Ross Cochrane, Head Chef at the Prince Charles Restaurant, Rothesay Rooms in Ballater
I was delighted to receive a HIT Scotland craft scholarship for winning North East of Scotland Chef of the Year. The competition requires you to prepare and cook three courses which are on the menu at your own establishment, using North East of Scotland produce, in season, and sourced from local suppliers, and it was fantastic to win this.
I’ve been cooking for 14 years, and have worked with some fantastic chefs. I started my career in Aberdeen, then spent some time working under a London chef who encouraged me to head south, where I spent a few months working for Gordon Ramsay. With a young family back in Aberdeen, I felt I wanted to continue my career in Scotland, so returned to climb the Aberdeen chef ladder. I spent some time working in St Andrews with Masterchef finalist Scott Davies, who know heads up the award winning Three Chimneys in Skye, and then became Head Chef at the Palm Court Hotel, where I won the North East of Scotland Chef of the Year competition.

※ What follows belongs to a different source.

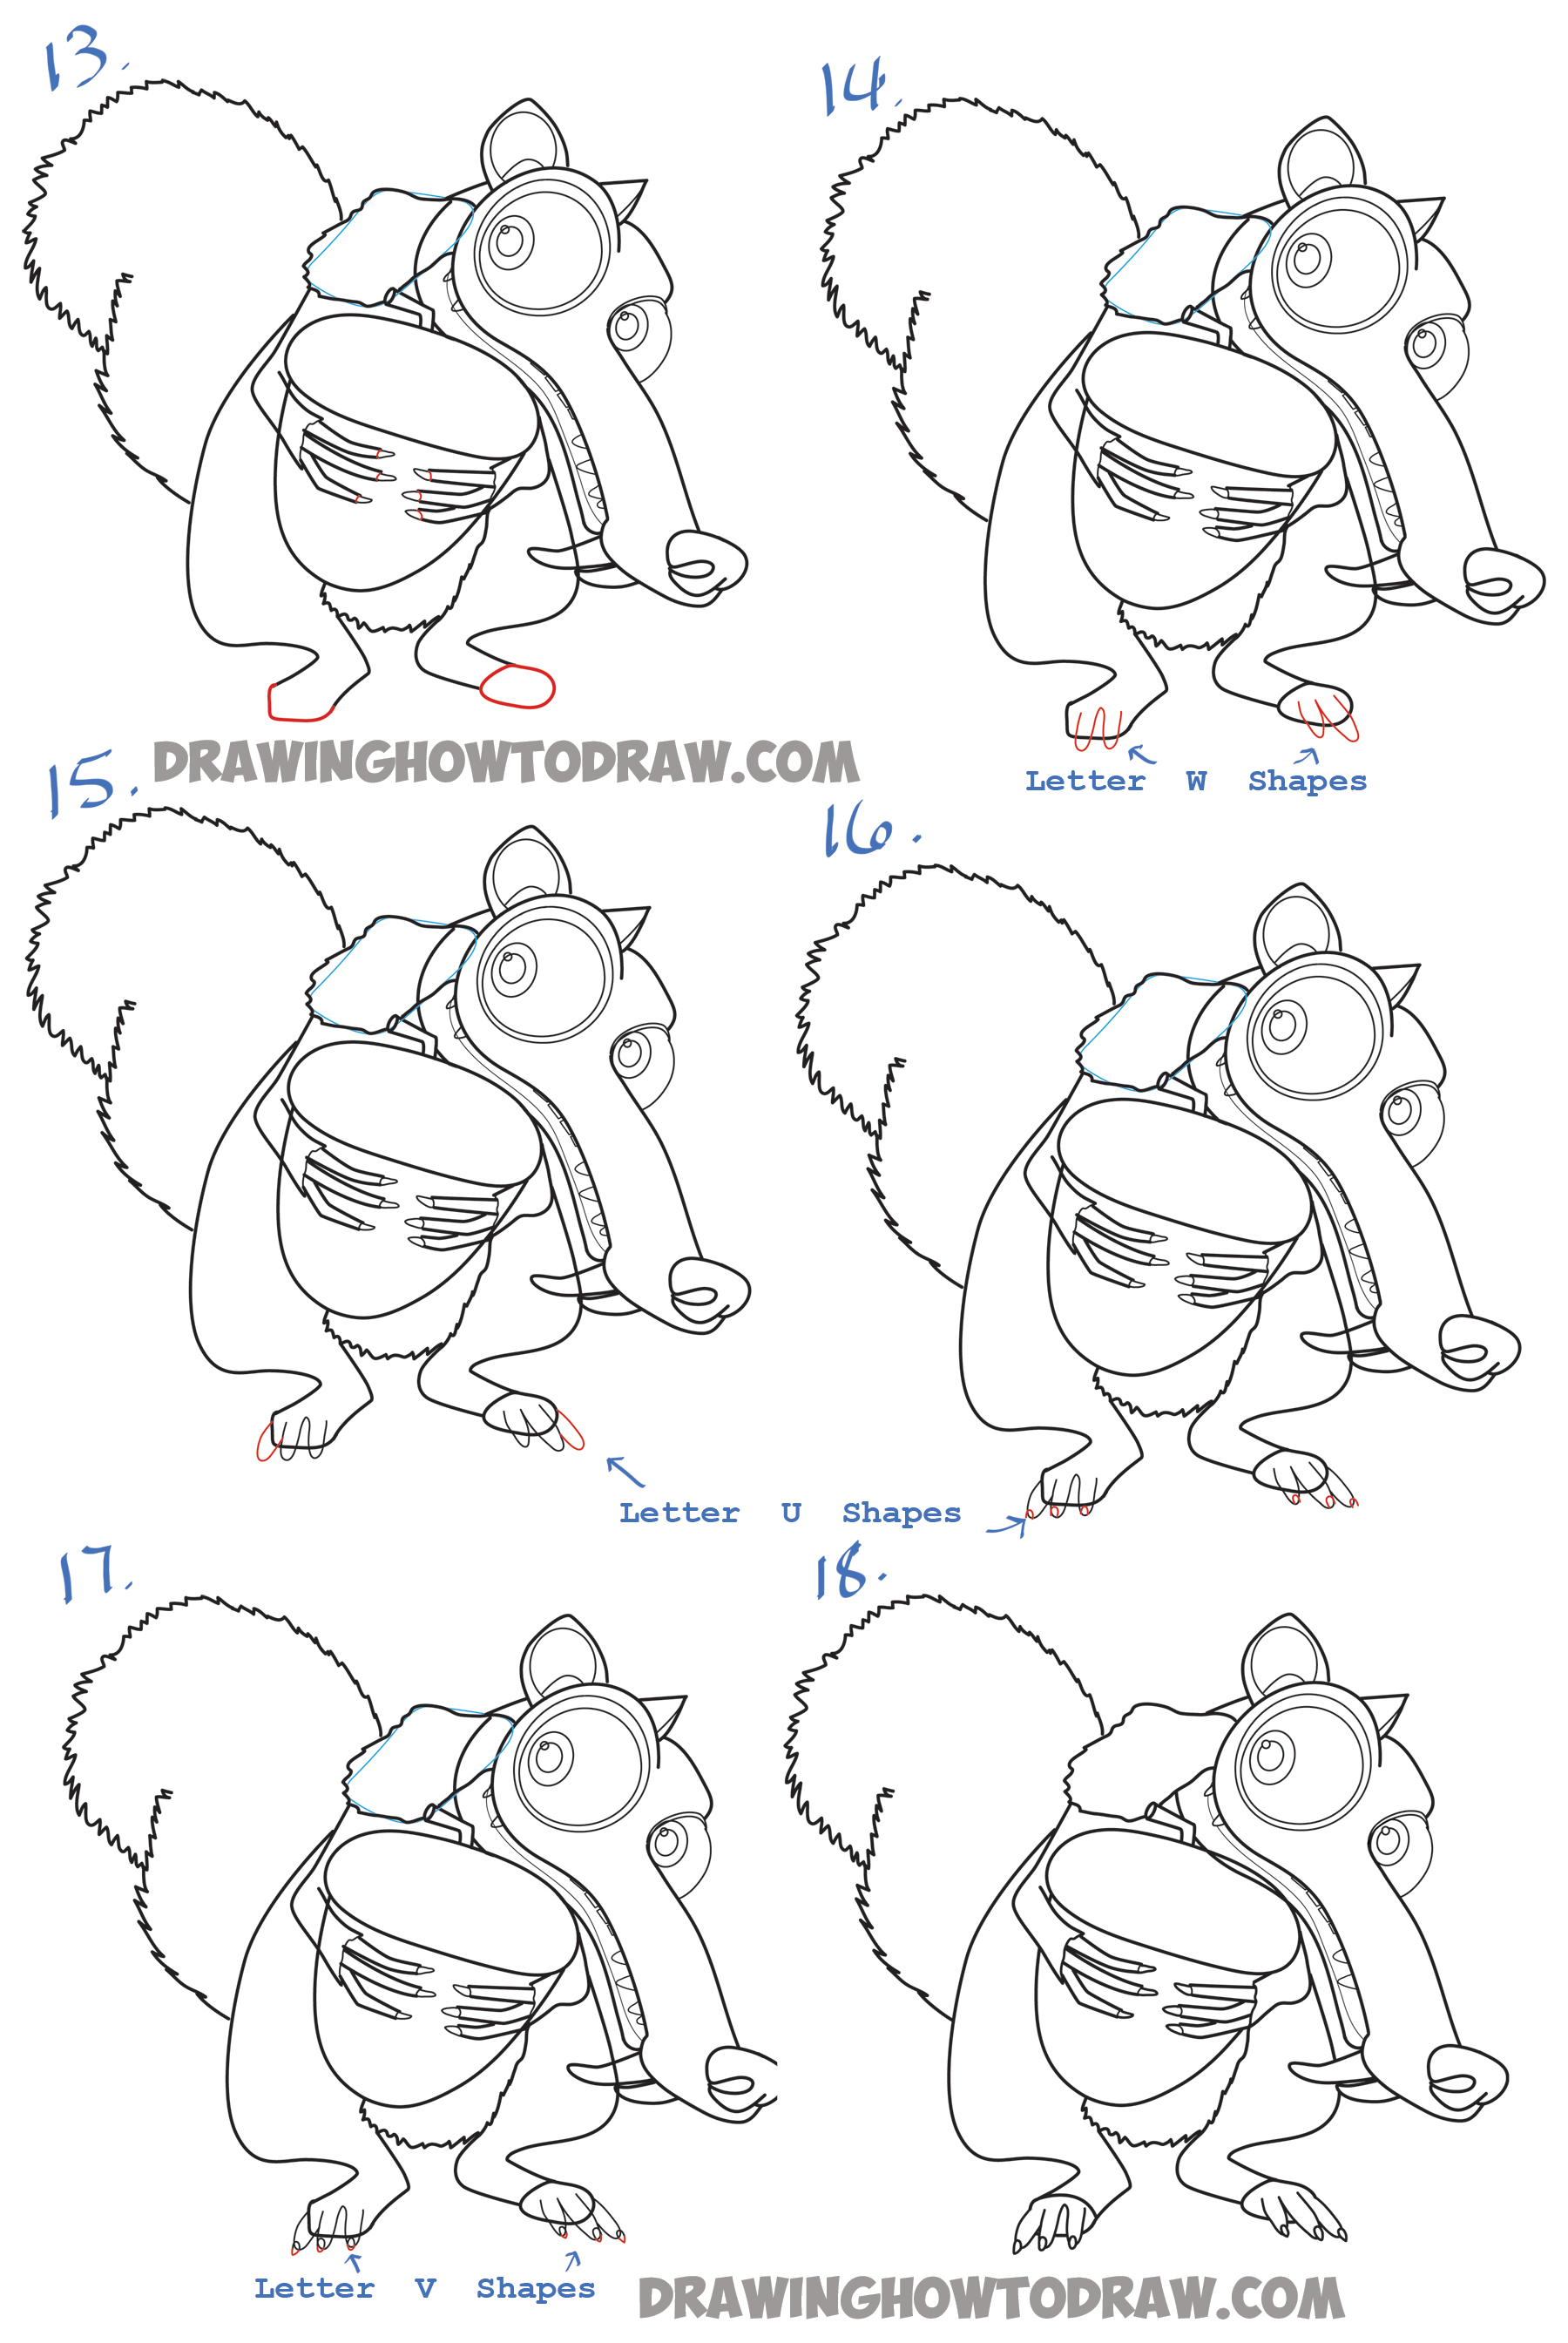 How to Draw Acorns - Really Easy Drawing Tutorial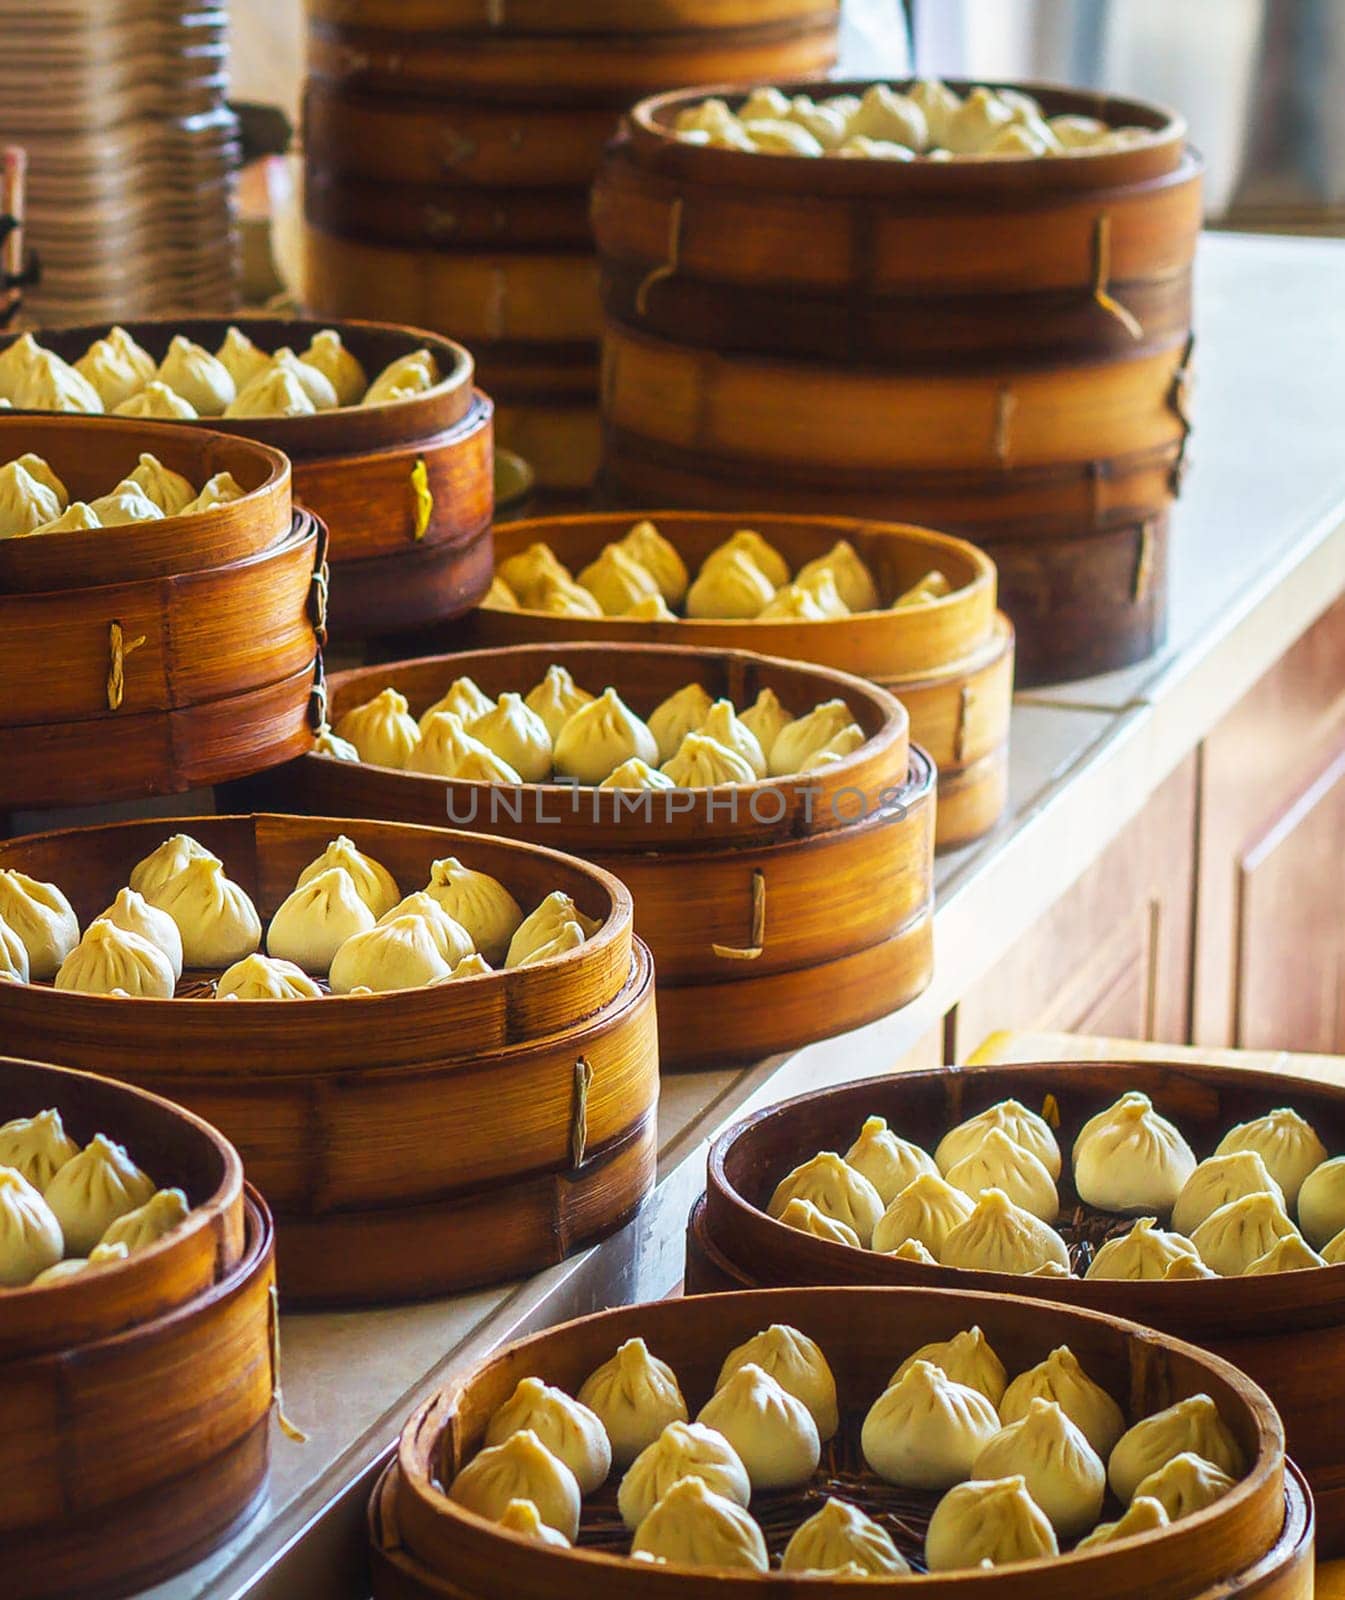 Magical China Food Pictures by TravelSync27

For my scholarship, I asked if I could spend a week at Tom Kerridge’s Hand and Flowers gastro pub in Marlow, the only UK pub to be awarded two stars in the Michelin guide. I’ve followed Tom’s food style for many years, and it would give me the opportunity to see another fantastic chef in action, see how they put together menus, and what makes them special enough to gain 2 Michelin stars.
It was an eye opening experience for me, and I learned a lot of new and different techniques which I plan to use in my own cooking. The attention to detail and the passion that goes into a 2 Michelin star kitchen was something I’ll never forget.
Working with top class chefs has been a great inspiration for me, and no matter how long you’ve been a chef, you should be continually learning and updating your skills, to help the kitchen you work in be the best it can be. In September I became Head Chef at the Rothesay Rooms in Ballater, owned by Prince Charles, so I hope to take all I have learned over the years into this new role, and encourage those working for me to show their potential and become great chefs.
I’d definitely recommend a HIT craft scholarship, as you learn so much, and these experiences help grow a chef’s passion and commitment to the industry. So get applying!